Now, about metals and chemicals.
If the main rally in computing power fails, bullish funds will shift to metals and chemicals. The seesaw relationship.

  1. Tungsten (mentioned three days ago in the previous post)
    Concept logic: In 2025, global tungsten prices are expected to rise over 220%, far outperforming gold during the same period. The tungsten ore index (884857.WI) hit a new high during trading on February 25. On the supply side: China’s control and resource depletion create rigid constraints. By 2026, overseas tungsten mine capacity (non-Chinese controlled) is unlikely to add more than 5,000 tons, unable to ease the global supply-demand gap. The Trump administration plans to use Pentagon-developed AI programs to set reference prices for key minerals, with tungsten being one of the initial focus minerals. Under the backdrop of great power competition, controlling the export of strategic materials becomes a long-term strategic tool.
    Recognized stocks:
    Jiang Tung Equipment.
    Stock logic: State-owned tungsten industry chain integration. Upstream: no own mines, relying on Jiang Tung Group for tungsten ore. Midstream and downstream: In February 2026, announced a 1.882 billion yuan private placement to acquire:

  2. Jiang Tung Hard Alloy to strengthen downstream processing.

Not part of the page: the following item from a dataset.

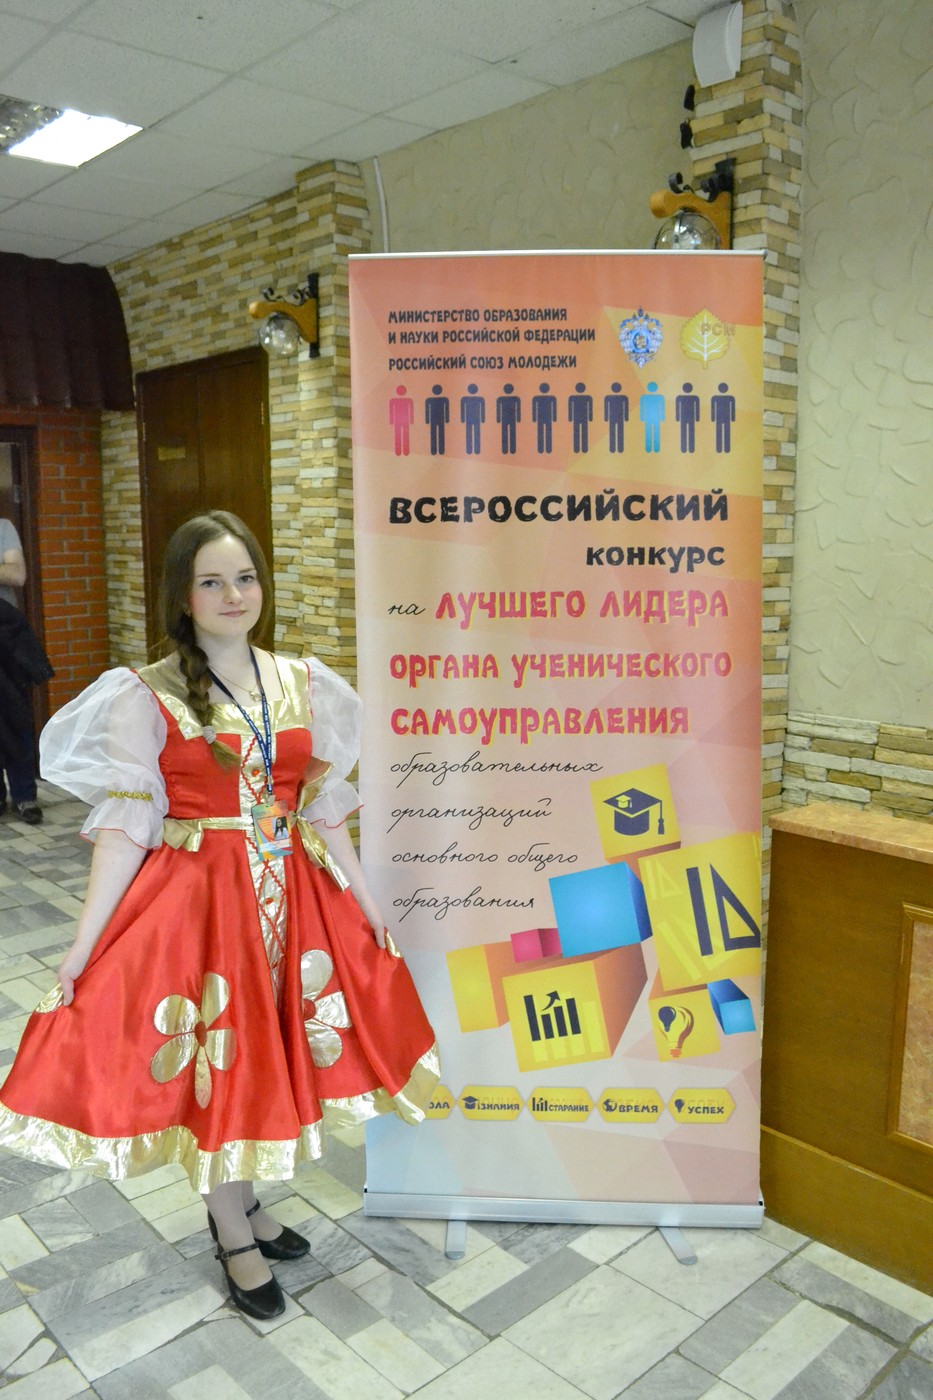 Всероссийский конкурс лидера ученического самоуправления

  3. Ganzhou Huamao Tung Materials to enhance midstream smelting.

  4. Jiujiang Nonferrous Metal Smelting to develop tantalum-niobium new materials.
    Zhangyuan Tungsten.
    Stock logic: Private tungsten mining leader. Owns five mining rights including Taoxi Pit and Xin’anzi, with tungsten reserves of about 300,000 tons, and higher ore grades than industry average.

  5. Phosphorus Chemical Industry
    Concept logic: China’s phosphorus resources are limited, and tightening environmental policies create rigid supply constraints. Coupled with agricultural needs (spring fertilization, glyphosate) and new energy demands (lithium iron phosphate), and the geopolitical premium from China and the US both treating phosphorus as a strategic resource, this drives the phosphorus chemical industry into a long-term boom cycle. As of January 2026, the domestic spot price of 30% grade phosphate ore has been stable around 1,000 yuan/ton for nearly three years. The spot price of 95% glyphosate raw material remains between 23,500 and 24,000 yuan/ton. In early February, phosphate fertilizer prices increased by 2.5%.
    Recognized stocks:
    Yuntianhua (capacity stocks).
    Stock logic: Leading phosphorus chemical company, benefiting directly from rising phosphate ore prices due to high-quality phosphate sources.
    Jinzhengda (limit-up stock).
    Stock logic: Fully integrated phosphorus chemical industry chain. Upstream: Ma Lu Cao phosphate mine, achieving self-sufficiency after commissioning, reducing costs. Midstream: Processing, with traditional phosphate fertilizer and advanced phosphorus chemicals. Downstream: Industry extension, planning for lithium iron phosphate and other new energy materials.

I usually don’t write about logic because explaining it can influence psychology, making people want to buy more. This is the first time I’m doing this, so I hope friends stay objective and rational. If a main rally truly occurs, even if you buy a day late, it doesn’t matter.